In this context, the high rate of disapproval of the Government of Alberto Fernández, with a 76% negative image, could find the solution to the outer layer of its problems in the world championship. However, only 22% firmly believe that if Argentina wins the World Cup, the general well-being of the people will increase. Which does not mean that, even in the face of an eventual victory for Argentina in the final, the Government can manage to renew for four more years in 2023.

56% find little or no relationship between the result of the World Cup and the next presidential elections. Among libertarians, linked to the extreme right of Vox in Spain, 69% disagree with the idea that the result could influence the next elections. While, for voters of the ruling Frente de Todos, that number drops to 59%.
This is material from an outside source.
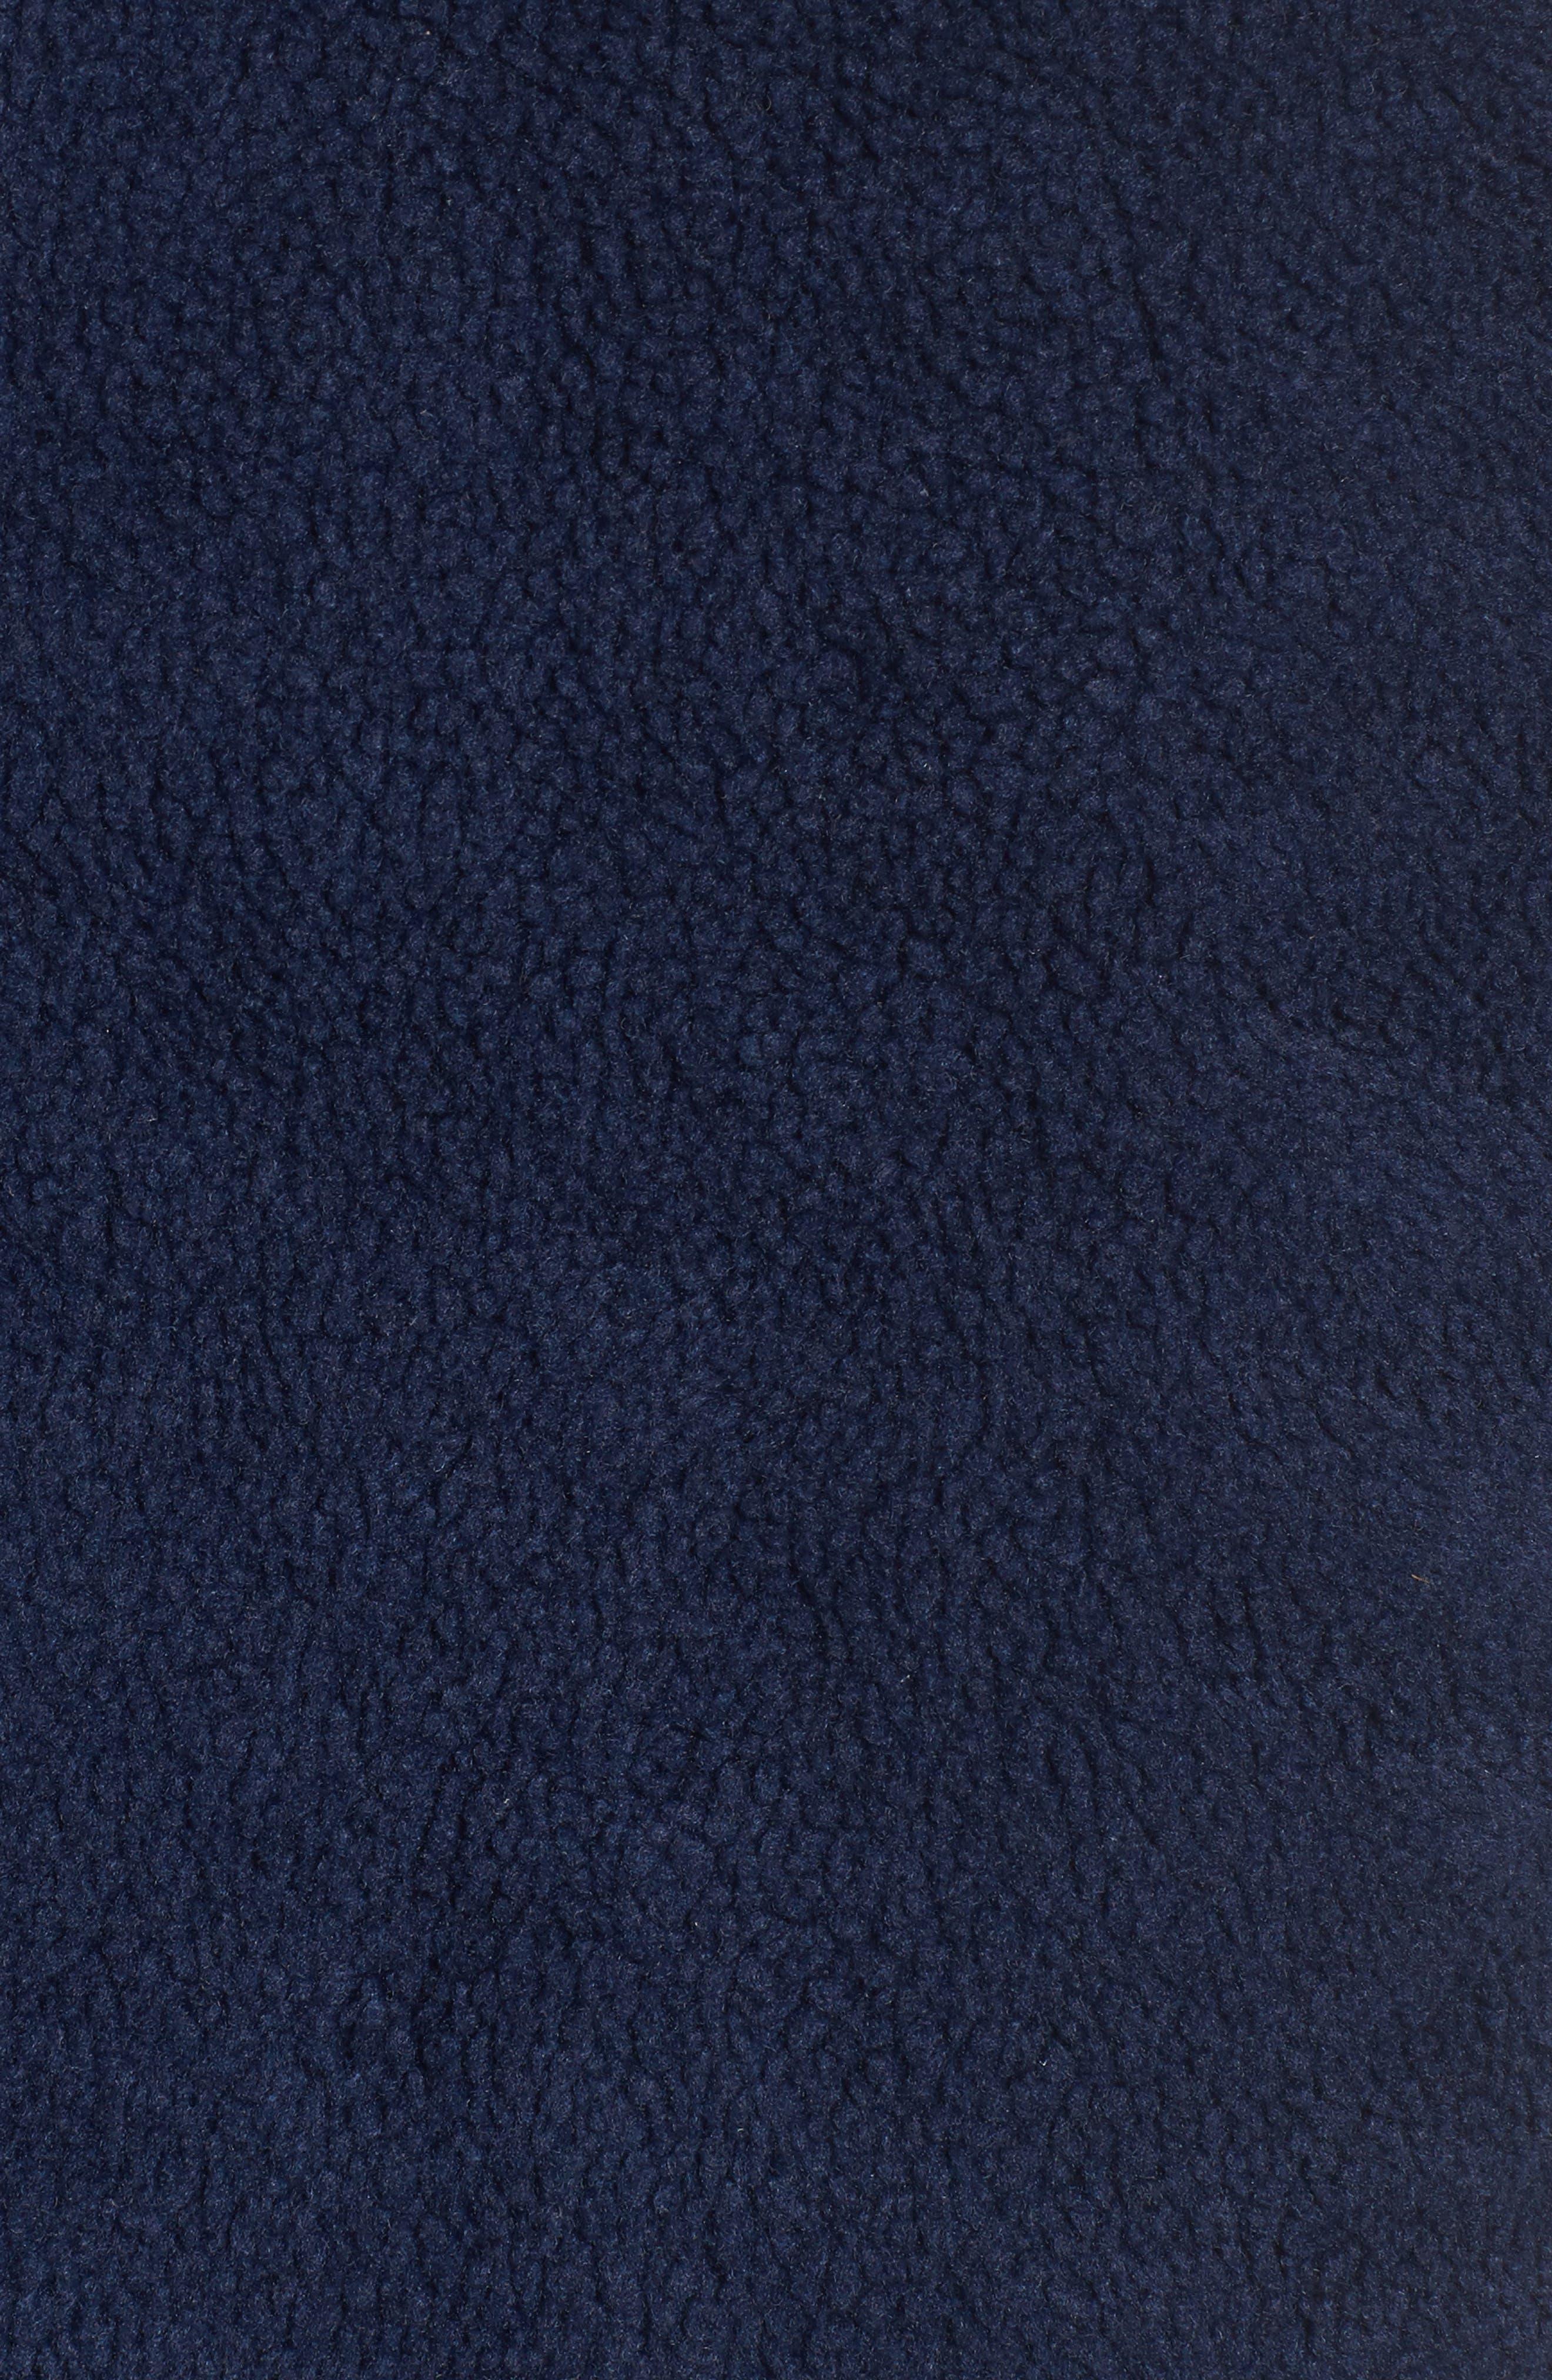 Reversible Quilted Plaid Vest,                             Alternate thumbnail 5, color,                             Deep Bay

In short, the perception that the course of things in the country will be better as a result of an external event such as a good result in the World Cup, is only useful for those people who do not have the basic tools to assess the economic situation. “An economist, as well as a representative of the IMF, will continue to think the same. What can change is the popular perception”, says Macchia.

The next match

In any case, things did not go well in the first game. And a defeat in the opening match, for a society already marked by worries, has a greater impact on the social mood than if the result had been positive. “The defeat in Argentina’s first game goes against the general anticipatory optimism. The dissatisfaction of this negative result is much greater than the satisfaction we would have had if the result was positive”, says Macchia.

The Argentines will look for a dose of optimism in Saturday’s game against Mexico that, until now, neither the economic numbers nor the start of the World Cup have been able to guarantee.